Semana negra del cine: adiós a Joan Fontaine

Imposible no mencionar a Fontaine cuando de la época dorada de Hollywood se habla.

JUNTOS. Jean Fontaine y Laurence Olivier en un fotograma de “Rebecca”. JUNTOS. Jean Fontaine y Laurence Olivier en un fotograma de “Rebecca”.
David Szelnick no podía equivocarse. Tenía en sus manos una gran novela de Daphne du Maurier -“Rebecca”-; había convocado a Alfred Hitchcock para que dirigiera su primera película en Hollywood; y Laurence Olivier estaba listo para encarnar el rol protagónico. ¿Y ella? ¿Quién llevaría el peso de Manderley, la mansión en la que había reinado la omnipresente Rebecca? Szelnick necesitaba una heroína. Y la encontró. Jean Fontaine apenas superaba los 20 años, pero irradiaba la fortaleza y la madurez de una veterana curtida en la actuación. El filme resultó un éxito, ganador del Oscar a la Mejor Película de 1940, y Fontaine devino en estrella.

Cuentan que Olivier la maltrató a más no poder durante el rodaje. Fontaine había capturado un papel que parecía a la medida de Vivien Leigh, la esposa del actor. Además, estaba fresca la extraordinaria actuación de Leigh en “Lo que el viento se llevó”. Pero por algo Szelnick fue uno de los grandes productores de la historia del cine. Su elección satisfizo al maestro Hitchcock, quien además le sacó el jugo a la angustia con la que Fontaine solía acudir al estudio. Ese estado de tensión permanente se replicó en la pantalla y Fontaine obtuvo la postulación al Oscar, pero perdió el premio -injustamente- a manos de Ginger Rogers.
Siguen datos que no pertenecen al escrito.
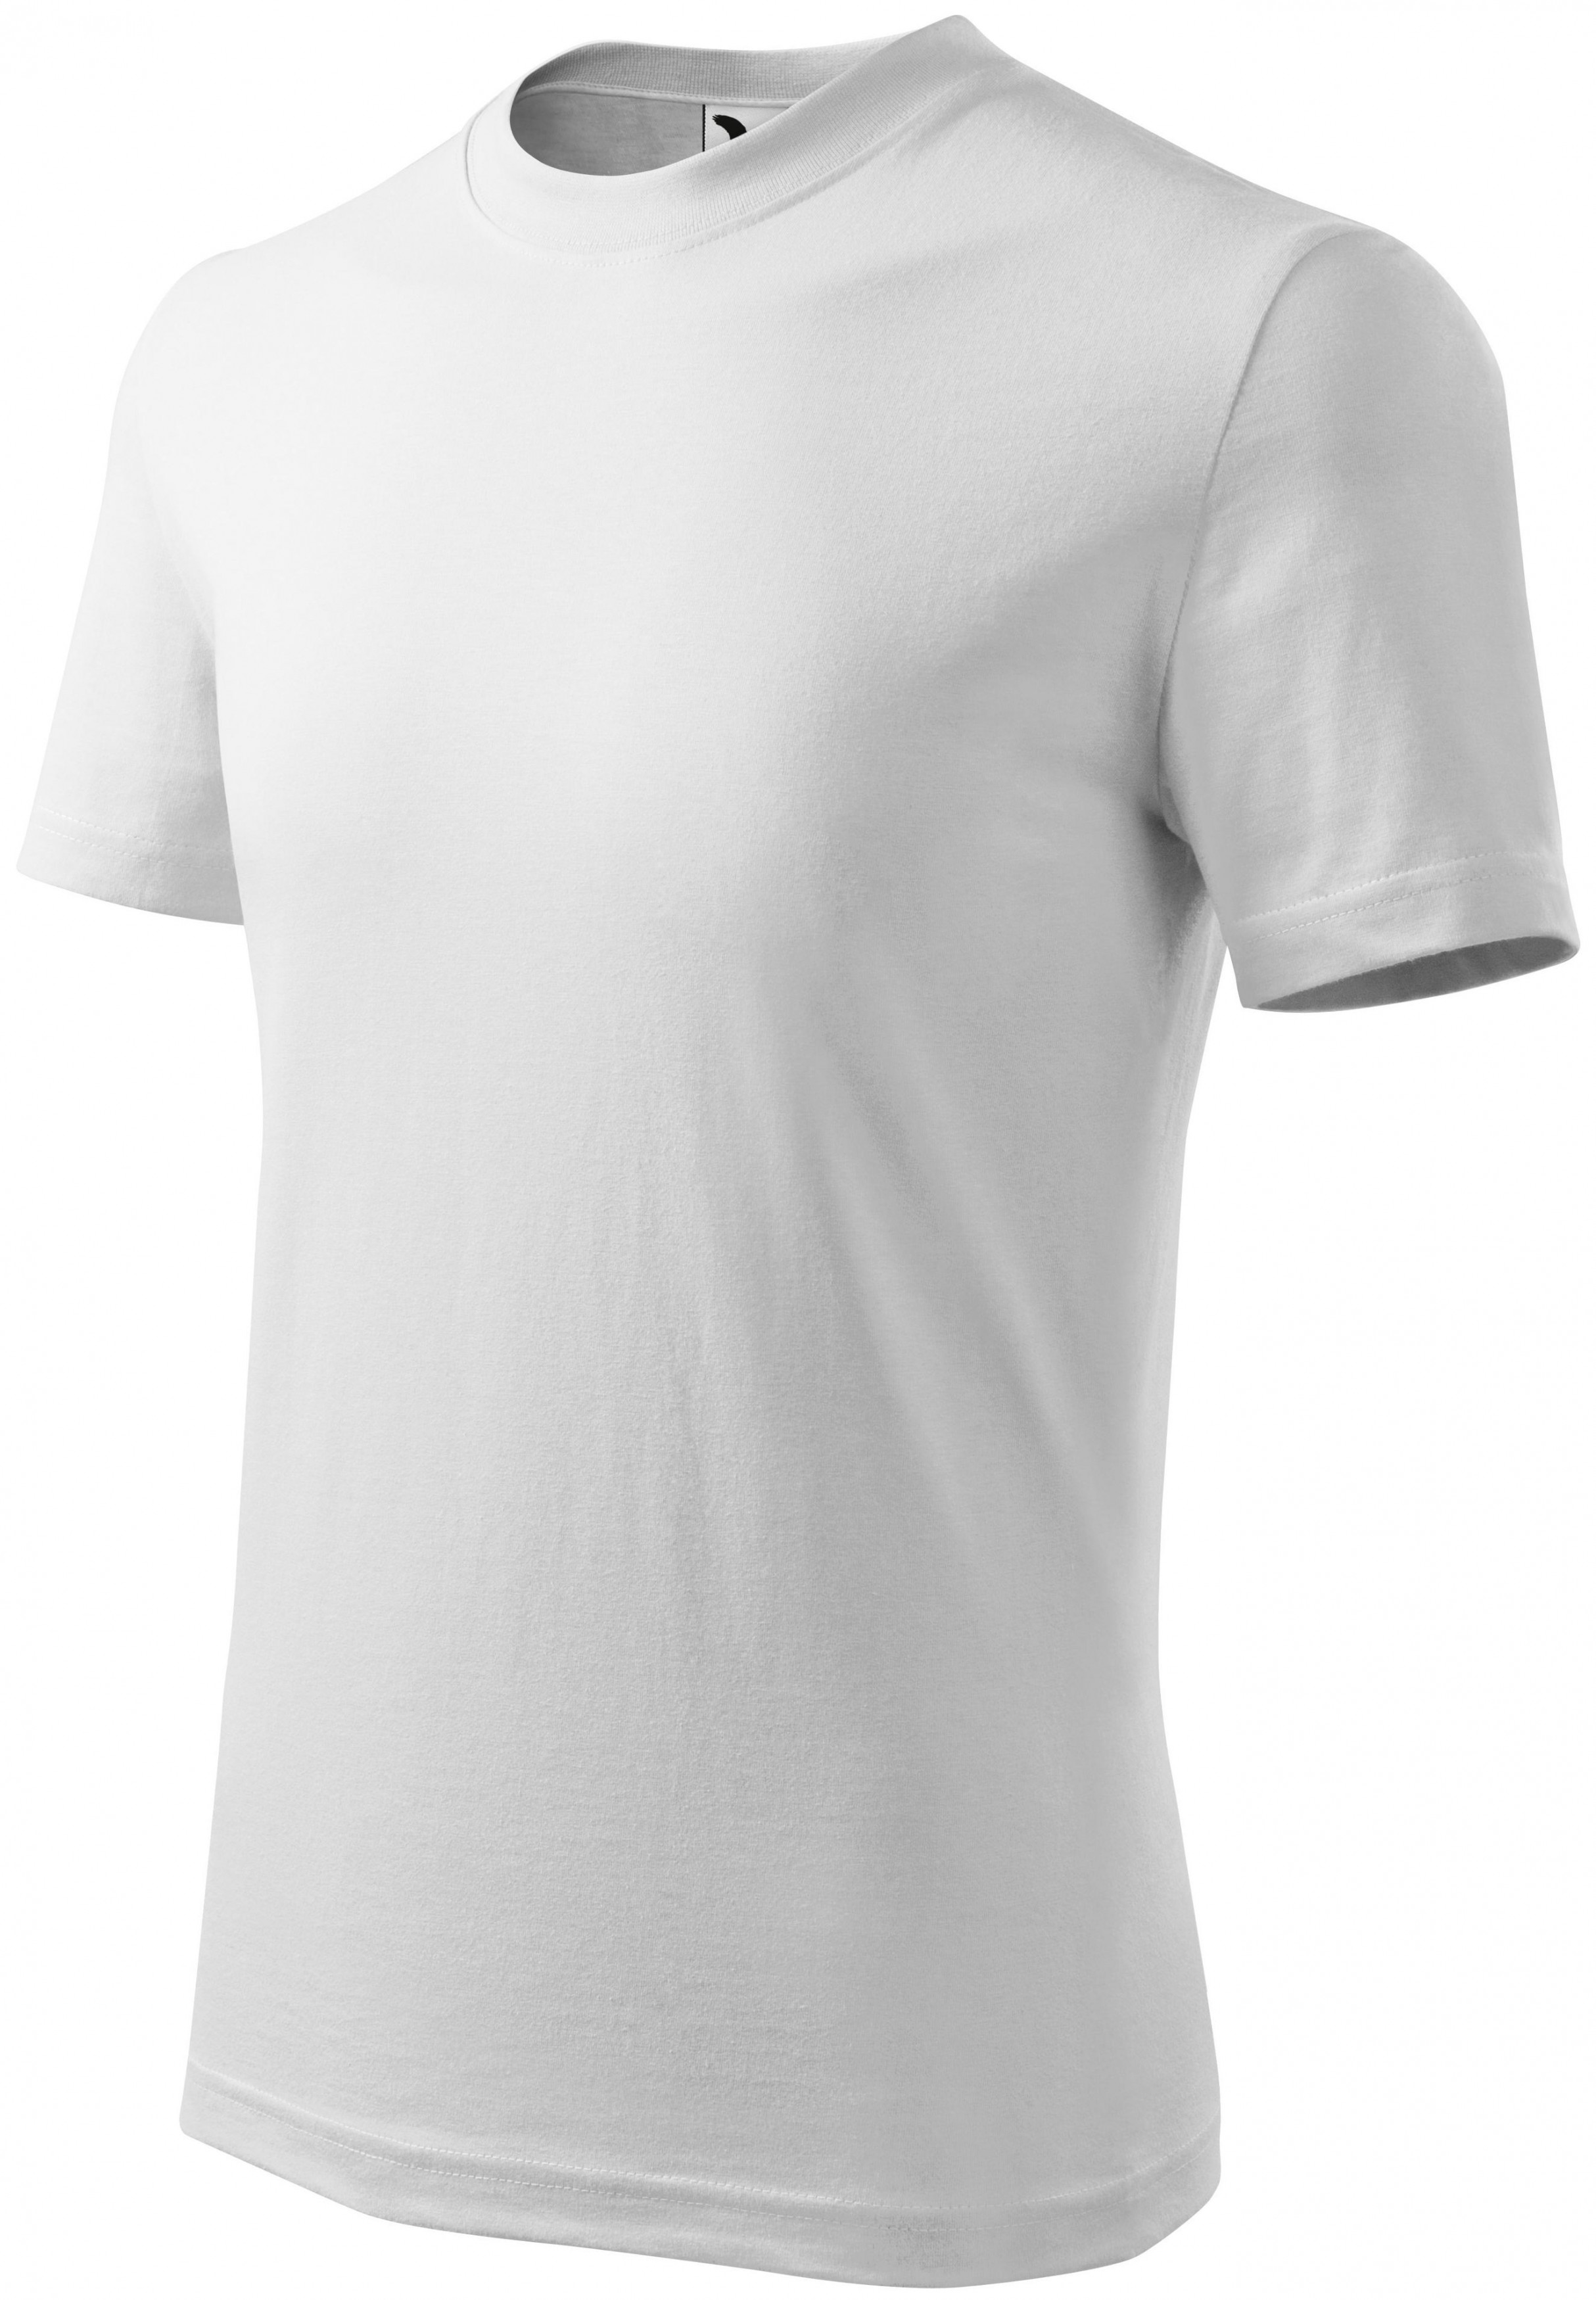 Detské tričko klasické, biela, 134cm / 8rokov

La revancha llegó rapidísimo, porque Fontaine repitió la postulación al año siguiente. Y ganó. Szelnick mantuvo la fórmula imbatible: Hitchcock en la dirección y su talentosa estrella frente a las cámaras, esta vez a caballo de una novela de Anthony Berkeley Cox. En “La sospecha” Fontaine es Lina Aysgarth, la esposa de un playboy interpretado por Cary Grant, cuyo encanto esconde oscuros secretos.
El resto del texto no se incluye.